Calculate the temperature at which a body may appear (i) deep red (7900A) and (ii) blue (5000A).

To solve the problem of calculating the temperature at which a body may appear deep red (7900 Å) and blue (5000 Å), we will use Wien's Displacement Law. This law states that the wavelength of the peak emission of a black body is inversely proportional to its temperature.
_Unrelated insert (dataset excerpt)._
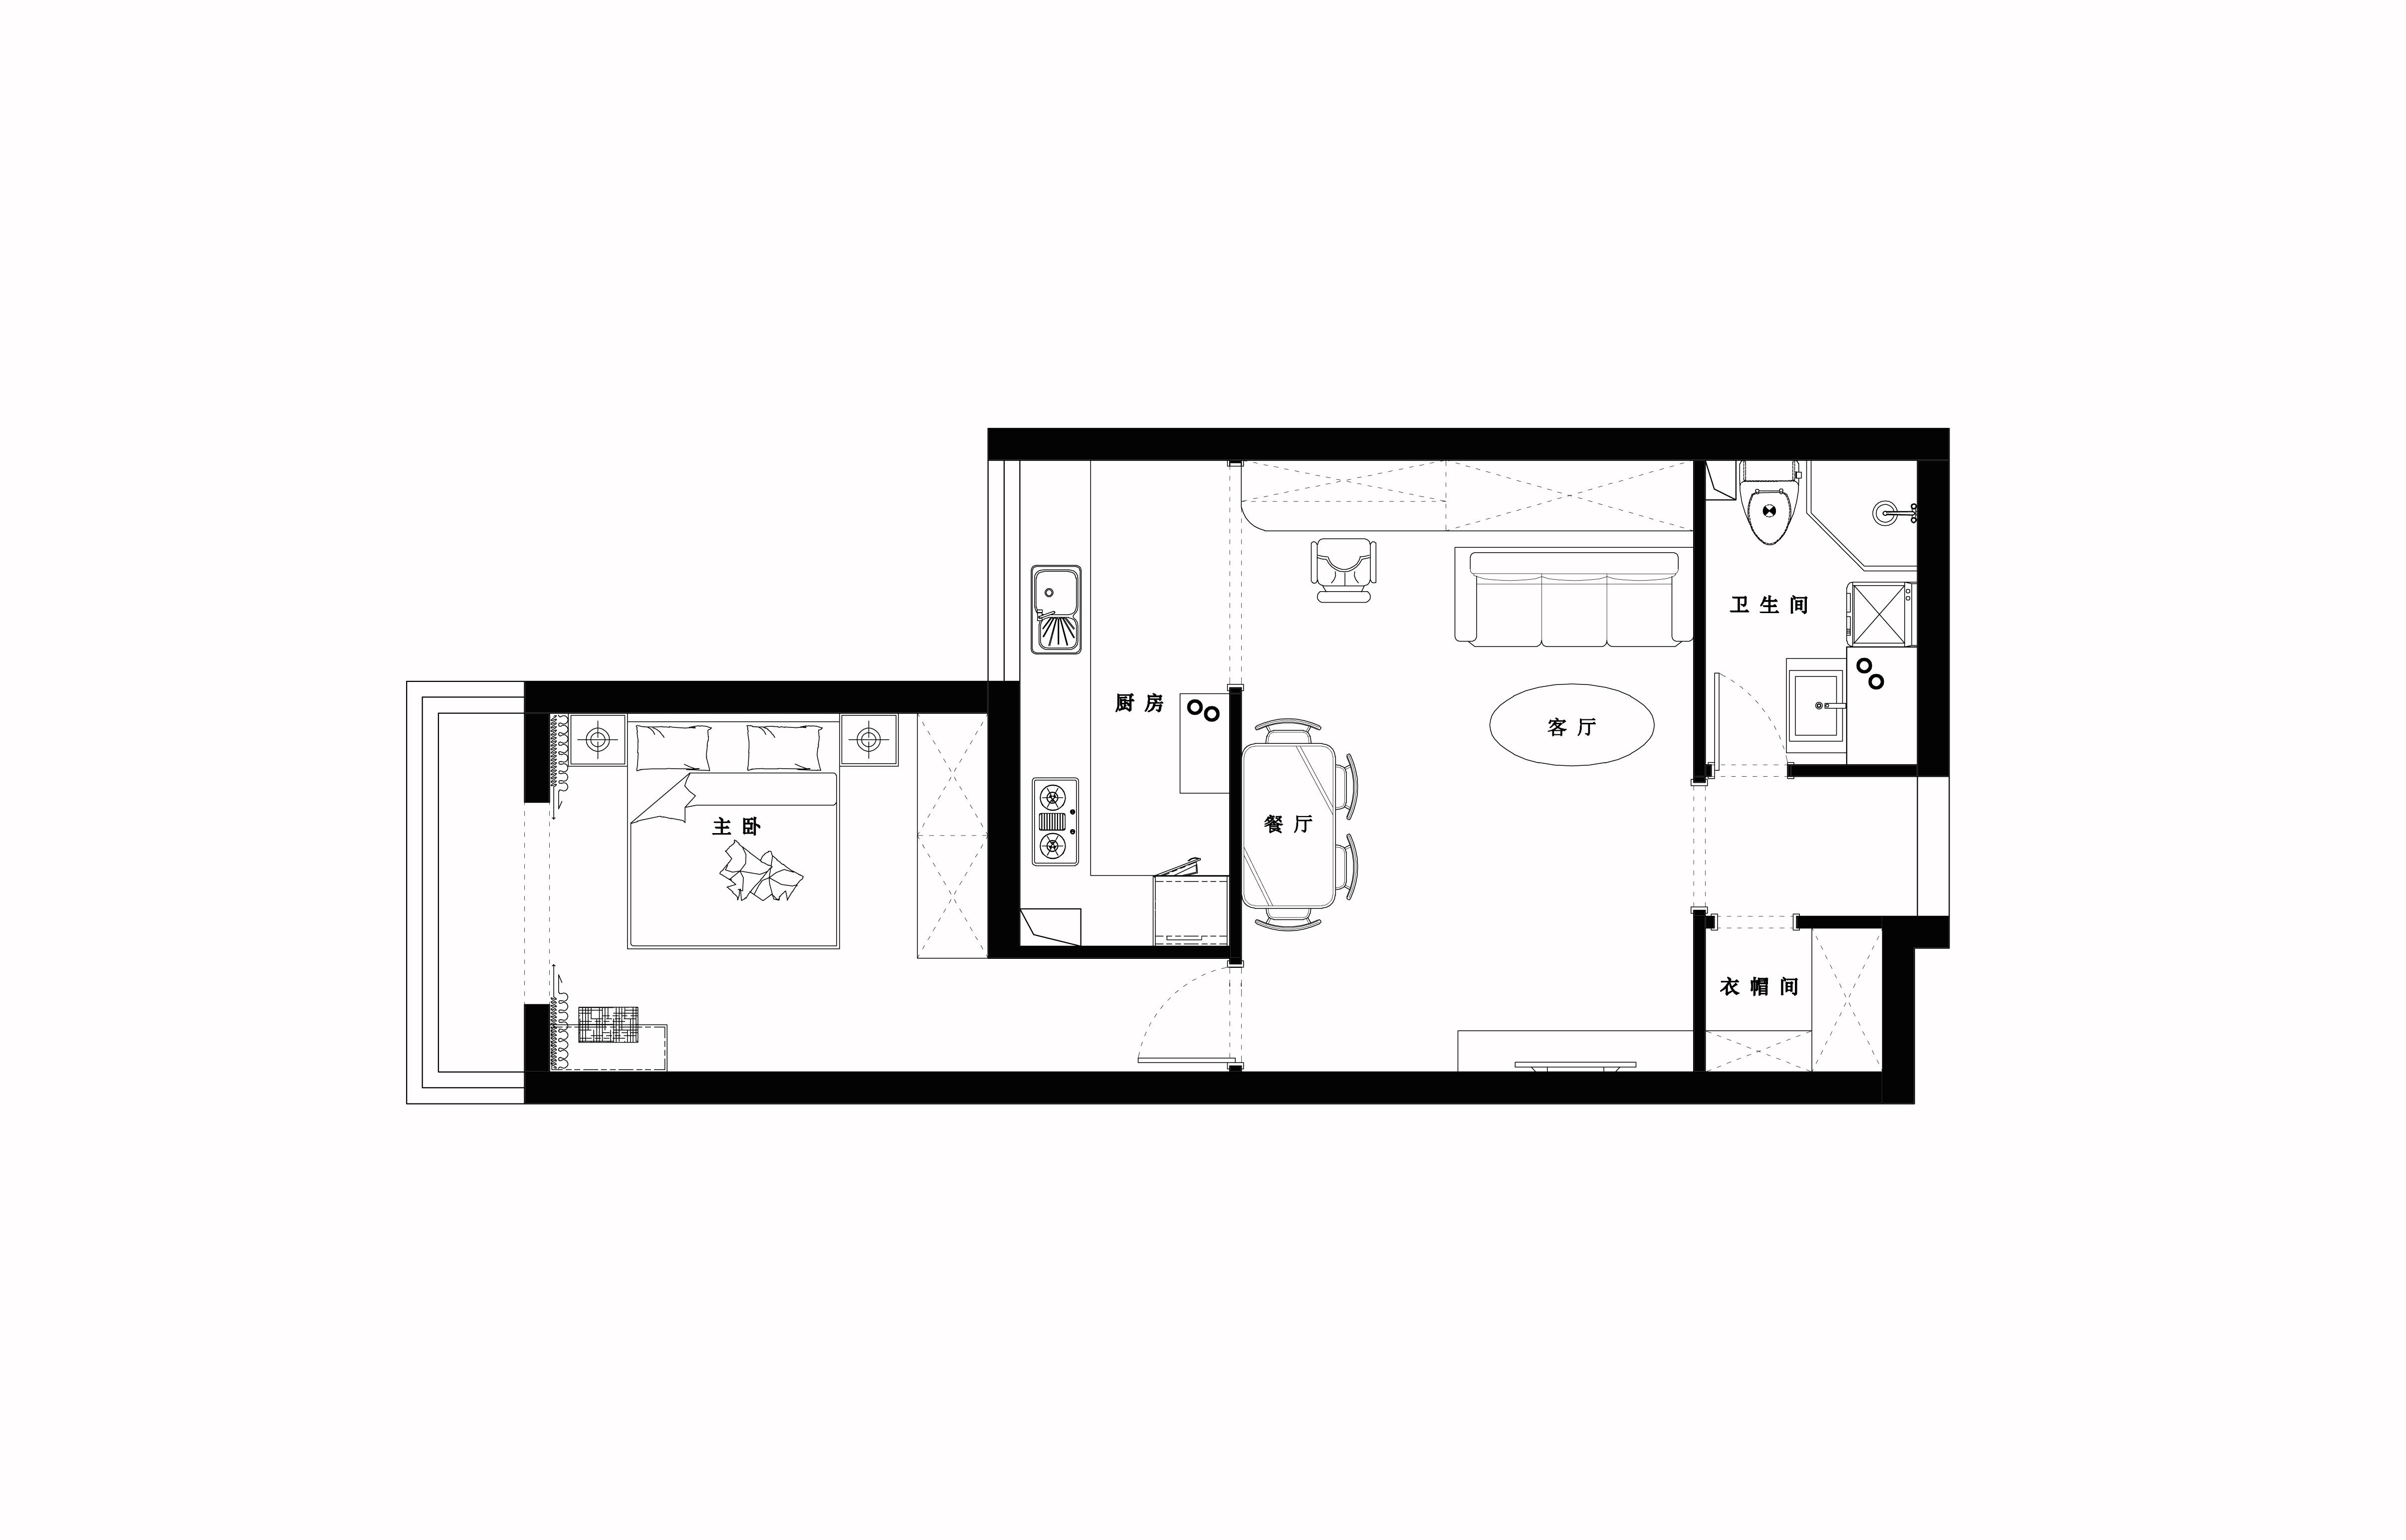 金桥国际公寓-73平米-美式装修设计理念

The formula can be expressed as: \[ \lambda \cdot T = b \] where: - \(\lambda\) is the wavelength in meters, - \(T\) is the temperature in Kelvin, - \(b\) is Wien's displacement constant, approximately \(3 \times 10^{-3} \, \text{m} \cdot \text{K}\). ### Step-by-Step Solution: #### Part (i): Deep Red (7900 Å) 1. **Convert the wavelength from Ångströms to meters:** \[ \lambda = 7900 \, \text{Å} = 7900 \times 10^{-10} \, \text{m} = 7.9 \times 10^{-7} \, \text{m} \] 2. **Use Wien's Displacement Law to find the temperature:** \[ T = \frac{b}{\lambda} \] Substituting the values: \[ T = \frac{3 \times 10^{-3} \, \text{m} \cdot \text{K}}{7.9 \times 10^{-7} \, \text{m}} \] 3. **Calculate the temperature:** \[ T \approx \frac{3 \times 10^{-3}}{7.9 \times 10^{-7}} \approx 3.797 \times 10^{3} \, \text{K} \approx 3.8 \times 10^{3} \, \text{K} \] #### Part (ii): Blue (5000 Å) 1. **Convert the wavelength from Ångströms to meters:** \[ \lambda = 5000 \, \text{Å} = 5000 \times 10^{-10} \, \text{m} = 5.0 \times 10^{-7} \, \text{m} \] 2. **Use Wien's Displacement Law to find the temperature:** \[ T = \frac{b}{\lambda} \] Substituting the values: \[ T = \frac{3 \times 10^{-3} \, \text{m} \cdot \text{K}}{5.0 \times 10^{-7} \, \text{m}} \] 3. **Calculate the temperature:** \[ T \approx \frac{3 \times 10^{-3}}{5.0 \times 10^{-7}} \approx 6.0 \times 10^{3} \, \text{K} \] ### Final Results: - The temperature for the body appearing deep red (7900 Å) is approximately **3800 K**. - The temperature for the body appearing blue (5000 Å) is approximately **6000 K**.